香港上海銀行ビルのアトリウム内部。シンプルかつ力強い構造、仕上げ、グレアの無い光などすべてが相まって、世界の指導的金融機関としての厳しい機能性や、この銀行の権威を表現している。上部には内部サンスクープが見える。照明と鏡が平行に並び、デザイン的に鏡を使ったのかと思われる洗練ぶりである(写真:Ian Lambot)

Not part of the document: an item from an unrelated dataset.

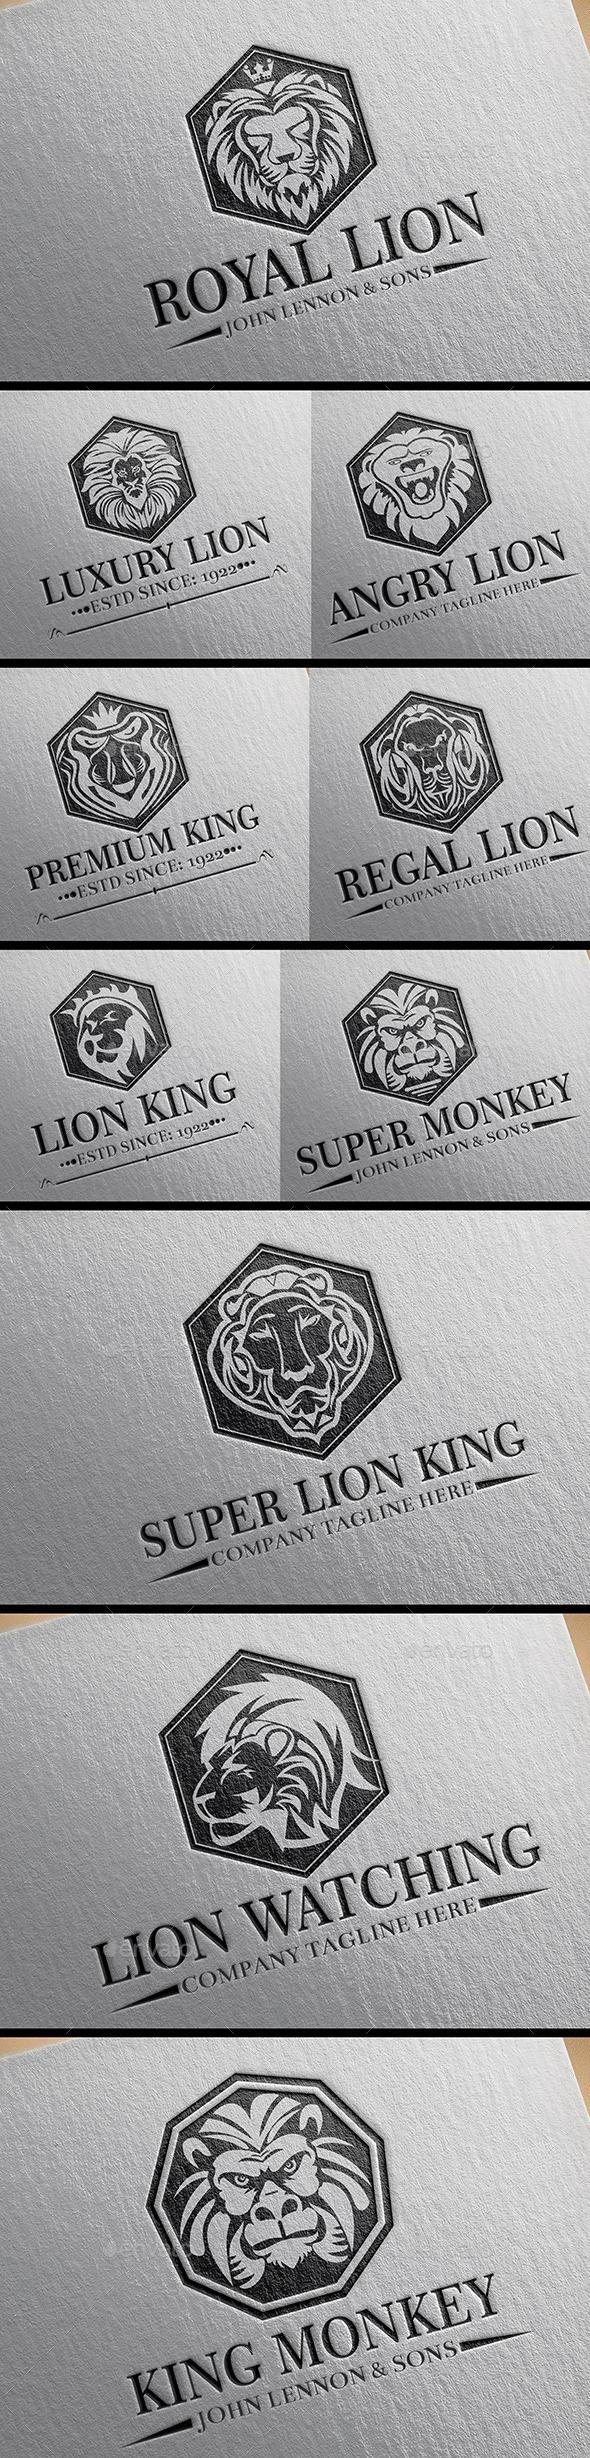 Heraldic Lion Crest Logos Vol 11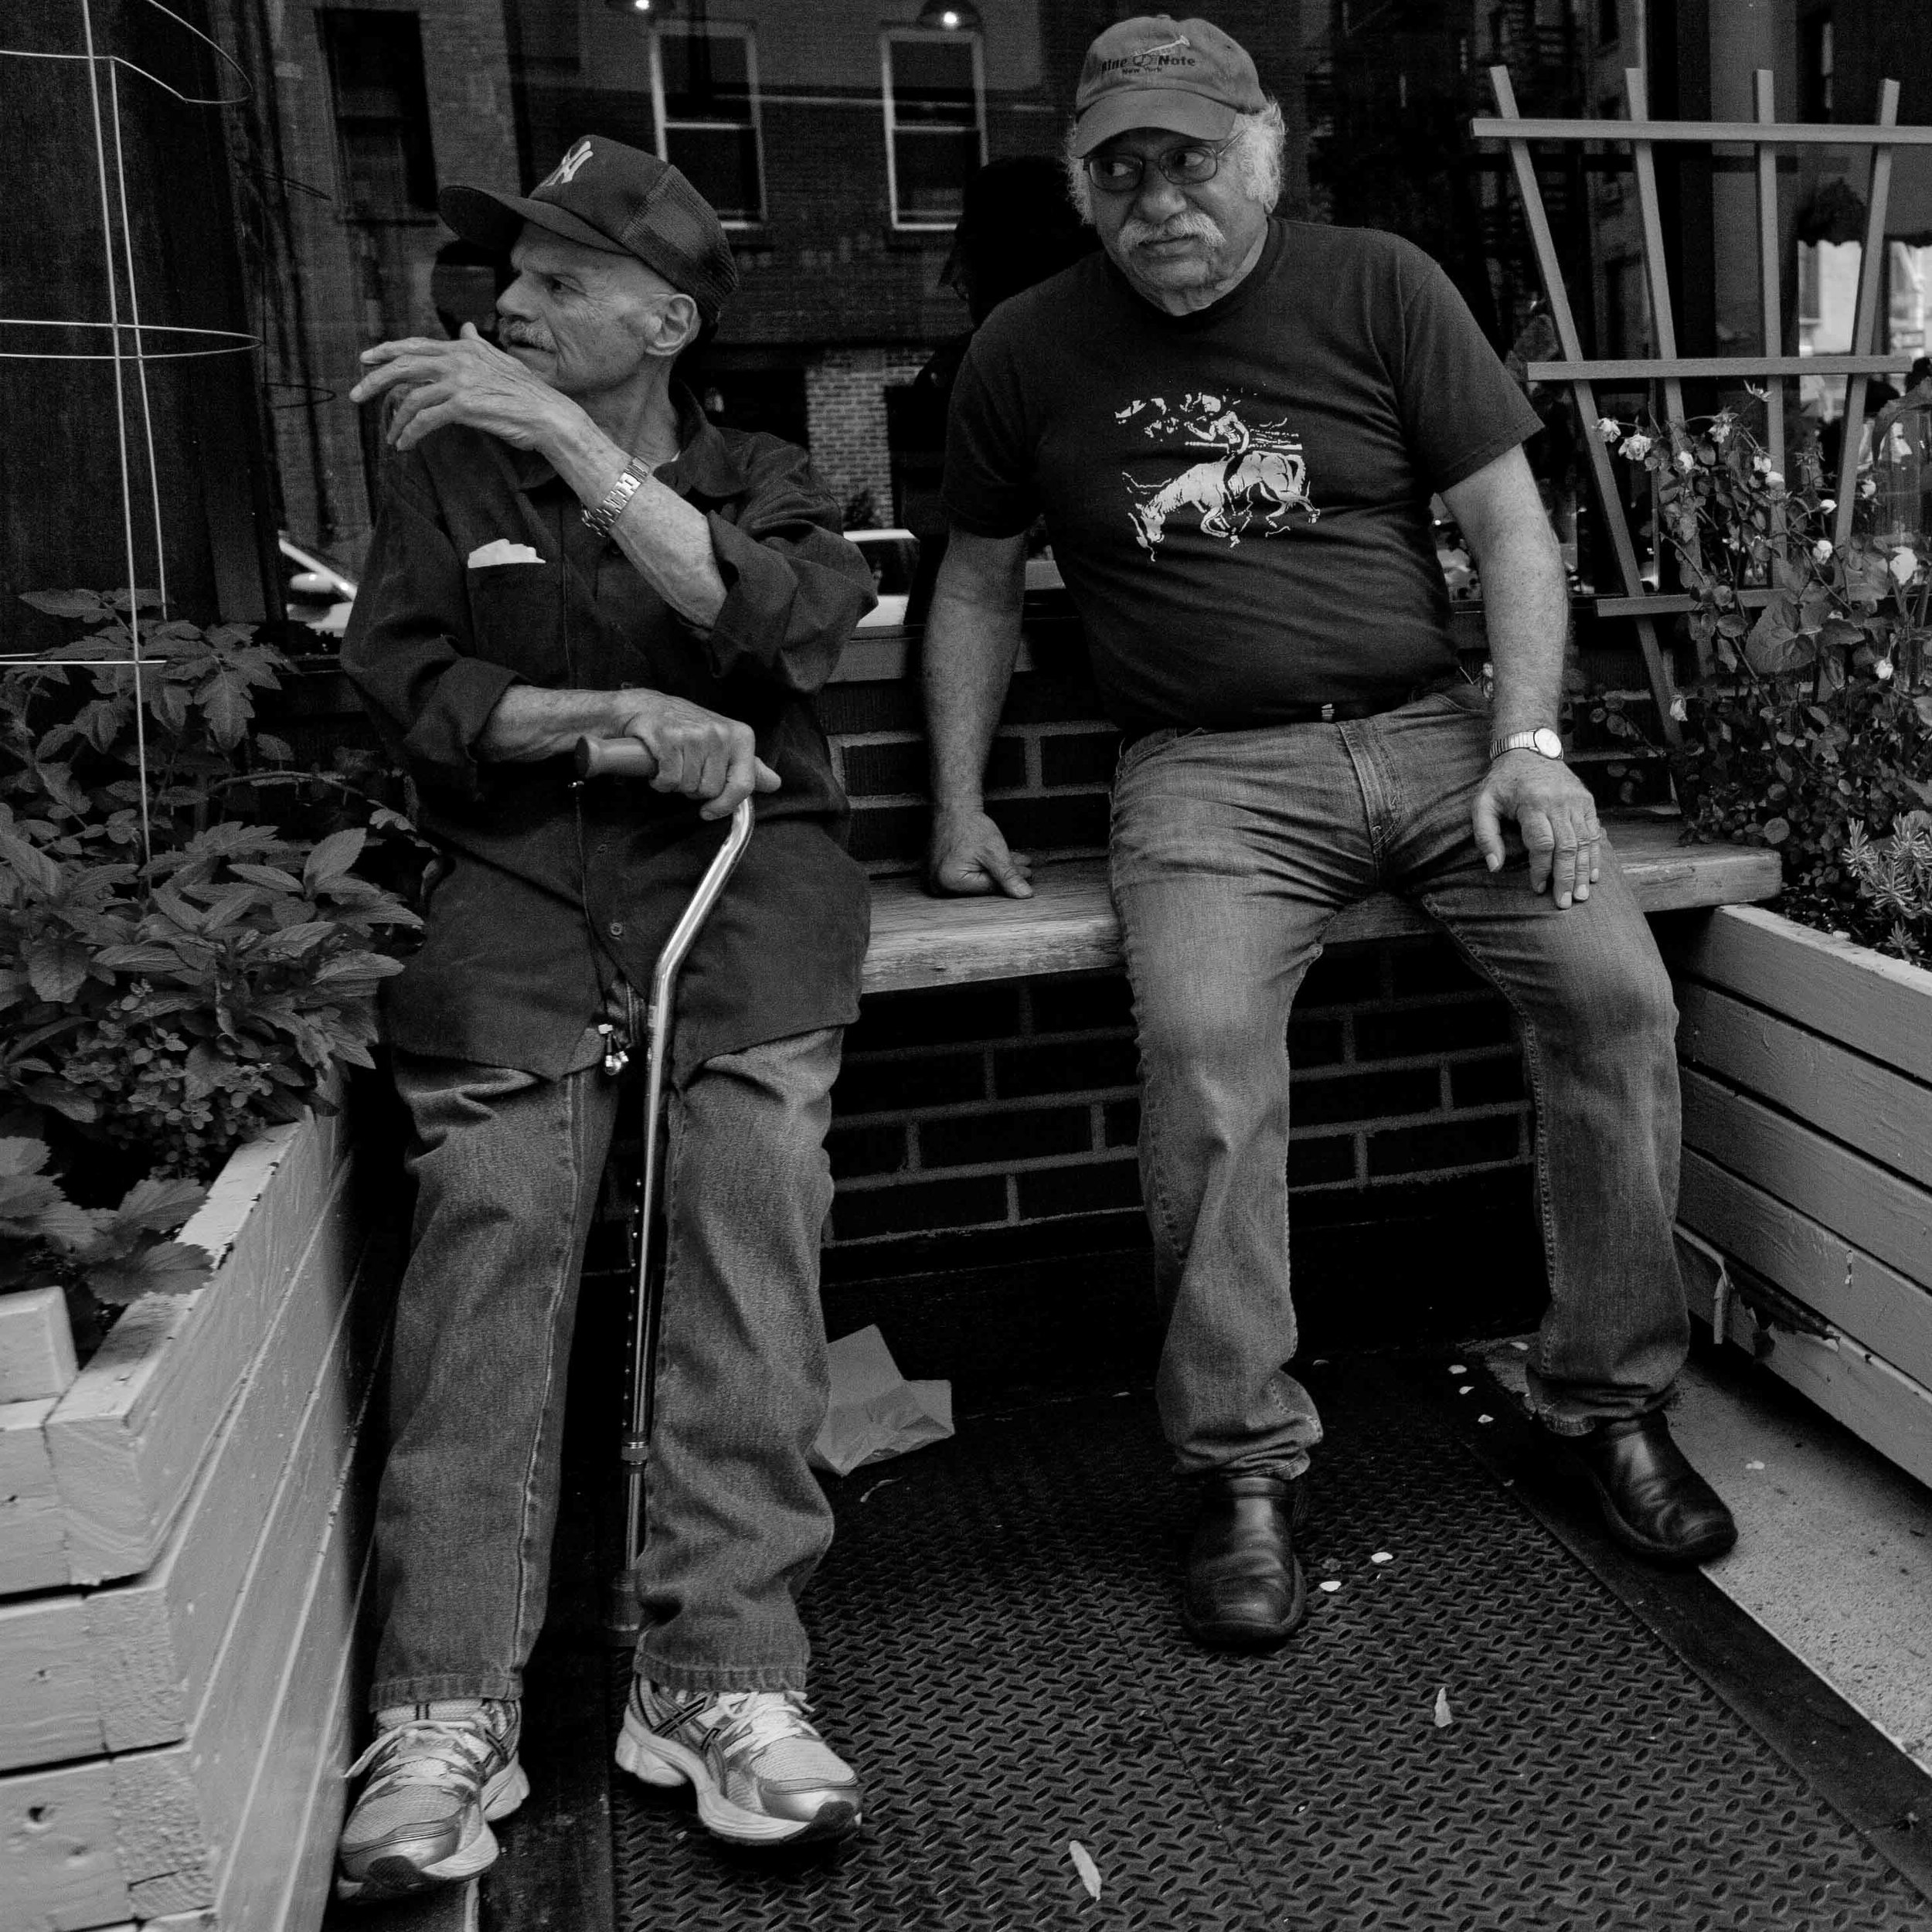 Streetphotography 3.0-121.jpg

香港上海銀行ビルのアトリウム内部。シンプルかつ力強い構造、仕上げ、グレアの無い光などすべてが相まって、世界の指導的金融機関としての厳しい機能性や、この銀行の権威を表現している。上部には内部サンスクープが見える。照明と鏡が平行に並び、デザイン的に鏡を使ったのかと思われる洗練ぶりである(写真:Ian Lambot)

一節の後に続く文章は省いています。